We performed ChIP-seq experiments to generate extensive datasets profiling 6 histone modifications across 16 human tissue-types from four individual donors (181 datasets). Combining with previously published datasets2,3, we conducted in-depth analyses across 28 cell/tissue-types, covering a wide spectrum of developmental states, including embryonic stem cells, early embryonic lineages and somatic primary tissue-types representing all three germ layers (Fig. 1a).
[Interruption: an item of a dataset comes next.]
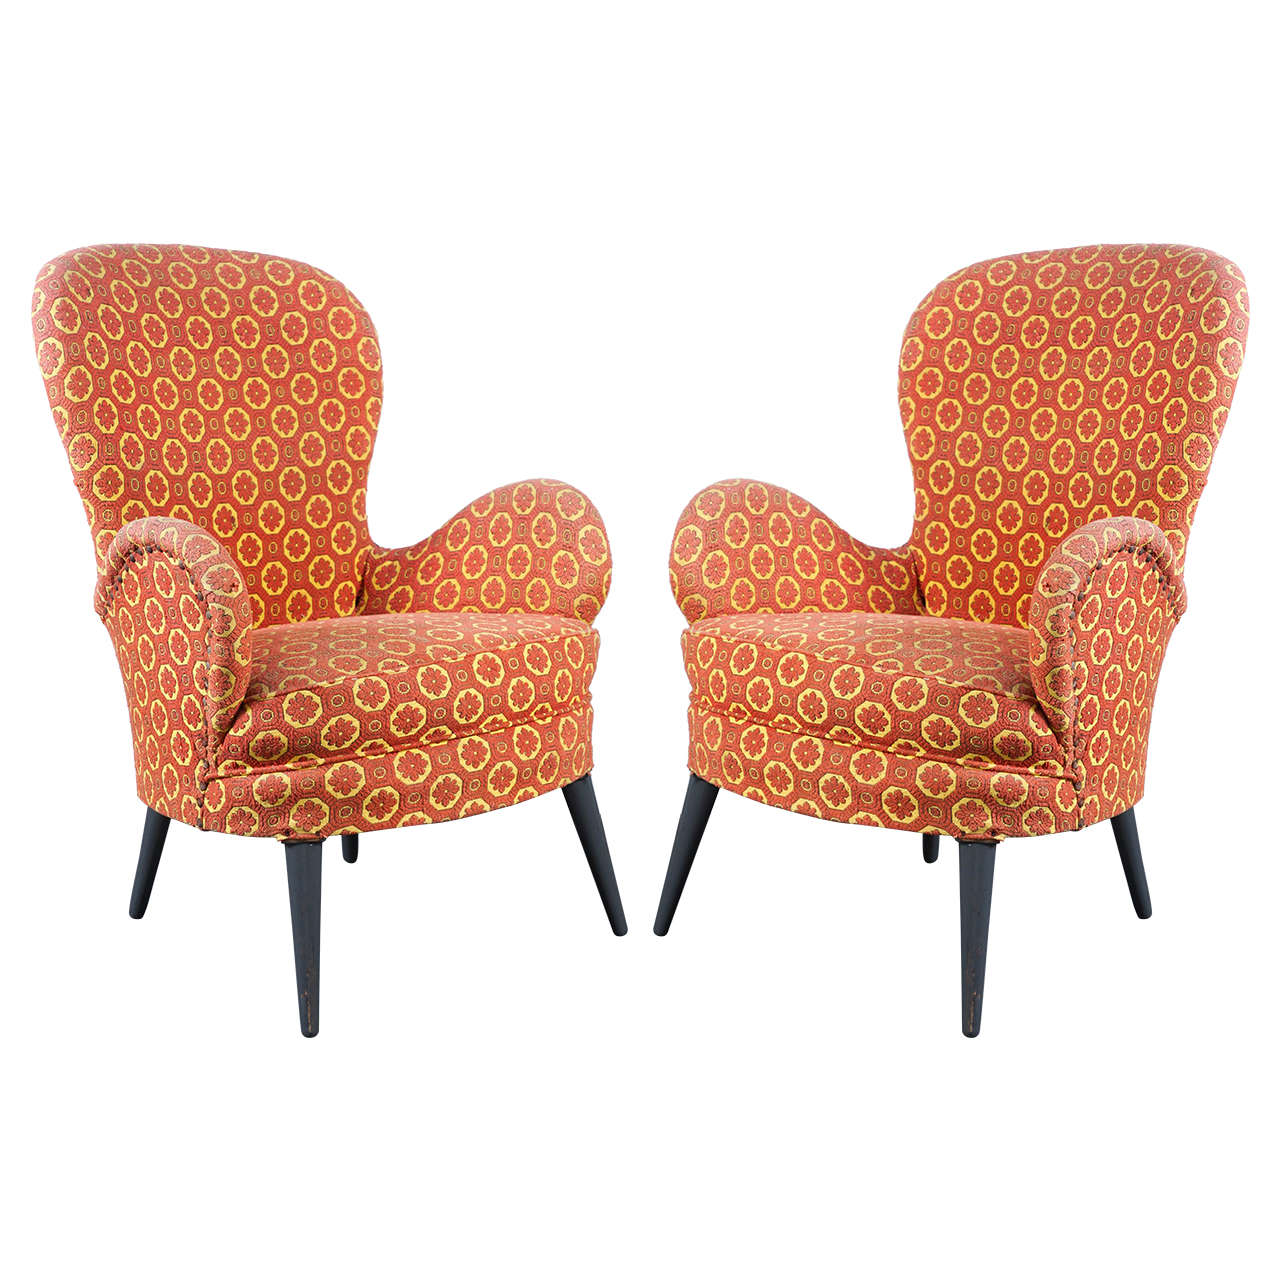 Pair of Chairs of Graphic Modern Proportions

The modifications demarcate active promoters (histone H3 lysine 4 trimethylation (H3K4me3) and H3 lysine 27 acetylation (H3K27ac)), active enhancers (H3 lysine 4 monomethylation (H3K4me1) and H3K27ac), transcribed gene bodies (H3 lysine 36 trimethylation (H3K36me3)) and silenced regions (H3K27 or H3K9 trimethylation (H3K27me3 and H3K9me3, respectively))4,5. We systematically identified cis-regulatory elements by employing a random-forest based algorithm (RFECS)2,6, predicting a total of 292,495 enhancers (consisting of 175,912 strong enhancers with high H3K27ac enrichment) across representative samples of all 28 tissues-types (Supplementary table 1). We additionally identified 24,462 highly active promoters with strong H3K4me3 enrichment (see Supplementary Information) (Supplementary table 2). Subsequently, we defined tissue-restricted promoters (n=10,396) and enhancers (n=115,222) (Extended Data Fig. 1a). Consistent with previous studies7-9, enhancers appear more tissue-restricted than promoters and cluster along developmental lineages (Extended Data Fig. 1b). Moreover, tissue-restricted enhancers were enriched for putative binding motifs of particular transcription factors (TFs) known to be important in maintaining the cell/tissue-type's identity and function10-15 (Extended Data Fig. 2).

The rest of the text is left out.